In the below example, the pipeline contains two stages. The first is a `$match` stage. This filters the result set to all accounts create on or after `2015-01-01T00:00:00.000Z`. Then that set of results is passed onto the `$group` stage which counts all of the accounts in the result set and finally returns a `count` result. For all available stages, see Pipeline Stages

{% tabs %}
{% tab title="Pipeline Request" %}

```javascript
GET /accounts?pipeline=[{"$match": {"created": {"$gte": "2015-01-01T00:00:00.000Z"}}}, {"$group": {"_id": null, "count": {"$count": "_id"}}}]
```

{% endtab %}

{% tab title="Pipeline Result" %}

```javascript
{
    "data": [
        {
            "count": 24
        }
    ],
    "hasMore": false,
    "object": "list"
}
```

{% endtab %}
{% endtabs %}

## Pipeline Stages

| Name     | Description                                                                                                                                                                                     | Example                                                                                                                     |
| -------- | ----------------------------------------------------------------------------------------------------------------------------------------------------------------------------------------------- | --------------------------------------------------------------------------------------------------------------------------- |
| $group   | A JSON object containing an \_id property (required) and 0 or more property groupings.                                                                                                          | {"$group": {"\_id": null, "count": {"$count": "\_id"}}}                                                                     |
| $limit   | An integer representing the number of results to return.                                                                                                                                        | {"$limit": 100}                                                                                                             |
| $match   | A JSON object containing operators and expressions used to limit the search results.                                                                                                            | {"$match": {“$and”: \[{“created”: {“$gt”: “2015-01-01T00:00:00.000Z”}}, {“created”: {“$lt”: “2015-06-01T00:00:00.000Z”}}]}} |
| $project | A JSON object that specifies existing properties or new properties to pass along to the next stage in the pipeline.                                                                             | {"$project",{"\_id": 1, "name": 1}}                                                                                         |
| $skip    | An integer representing the number of results to skip.

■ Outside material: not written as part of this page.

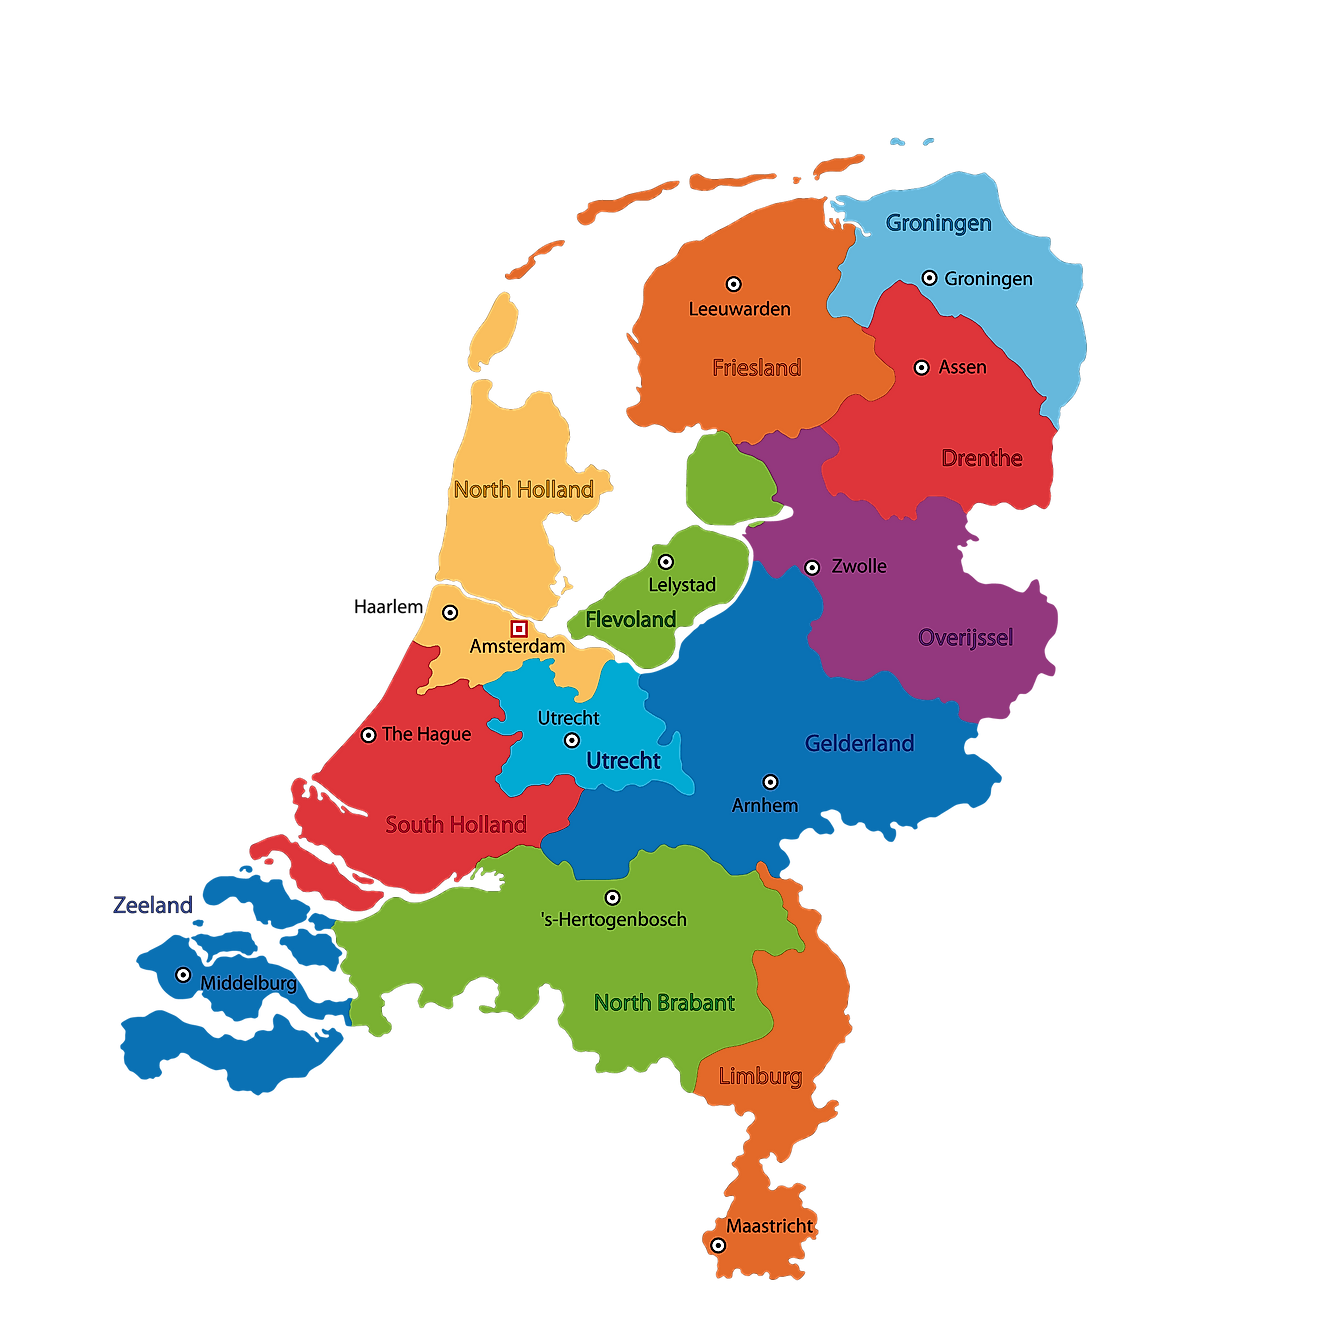 Political Map of The Netherlands showing its 12 provinces and the capital city of Amsterdam
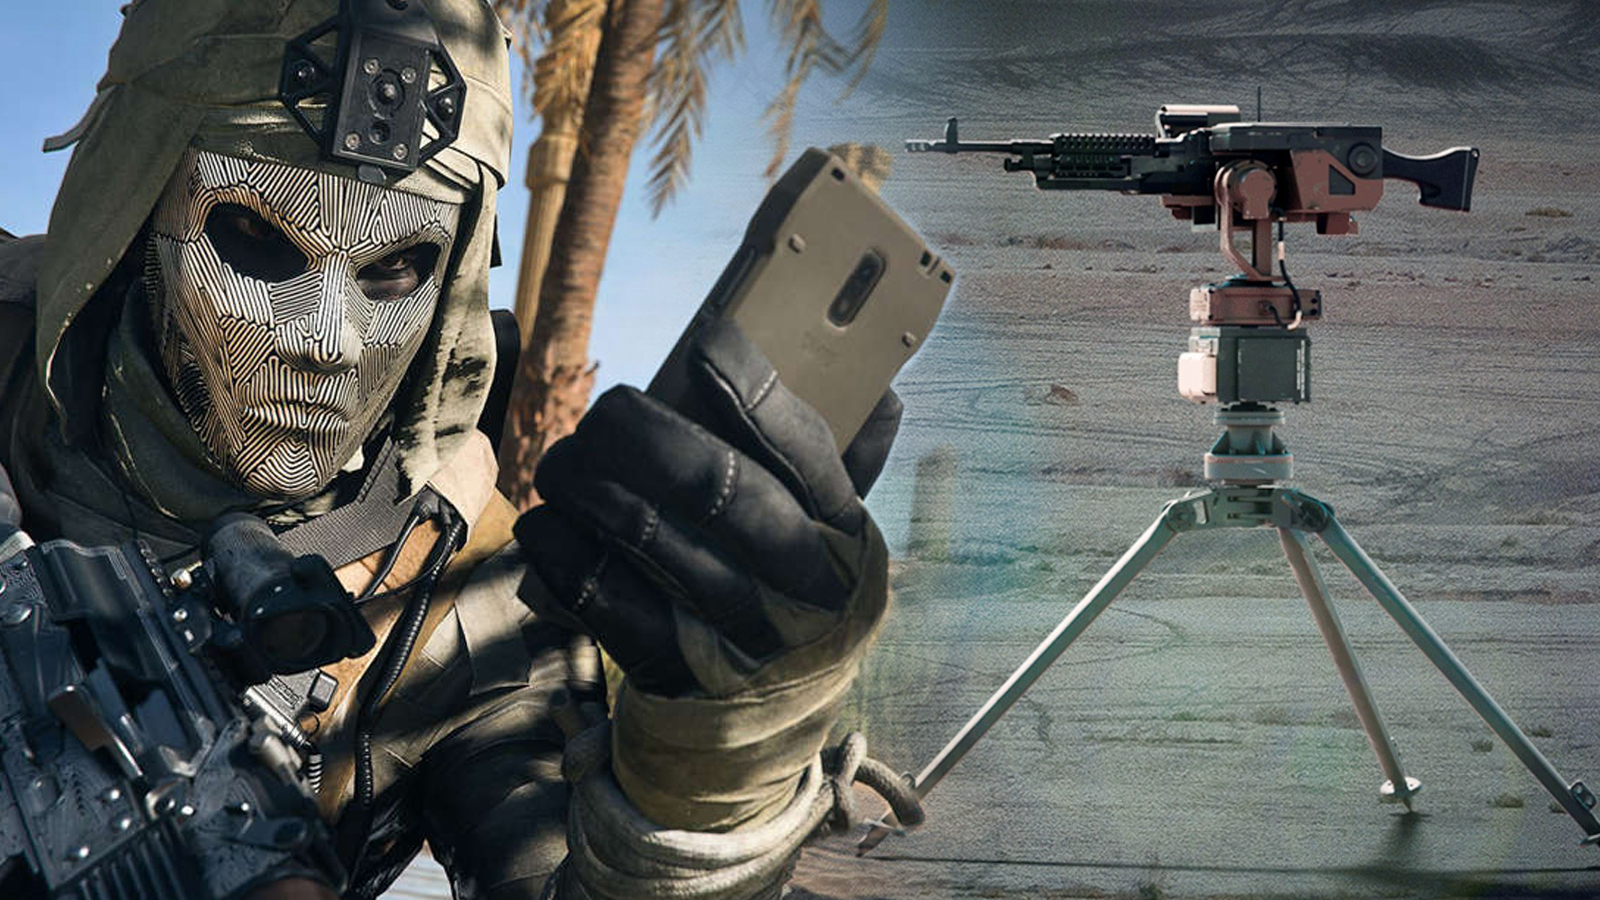 CoD adds Ghost meme sticker in the most 'greedy' way possible

Useful for paging where mapping or groupings have been applied, or where search the search criteria cannot be paged using unique fields. | {"$skip": 10}                                                                                                               |
| $sort    | A JSON object containing one or more properties, the values of which must be 1 for ascending and -1 for descending.                                                                             | {"$sort": {"\_id": -1}}                                                                                                     |
| $unwind  | Accepts a property name and deconstructs an array into a single property in multiple documents.                                                                                                 | {"$unwind": roles}                                                                                                          |

## $group

Result sets can be grouped in order to apply accumulators and aggregate data from accessible documents.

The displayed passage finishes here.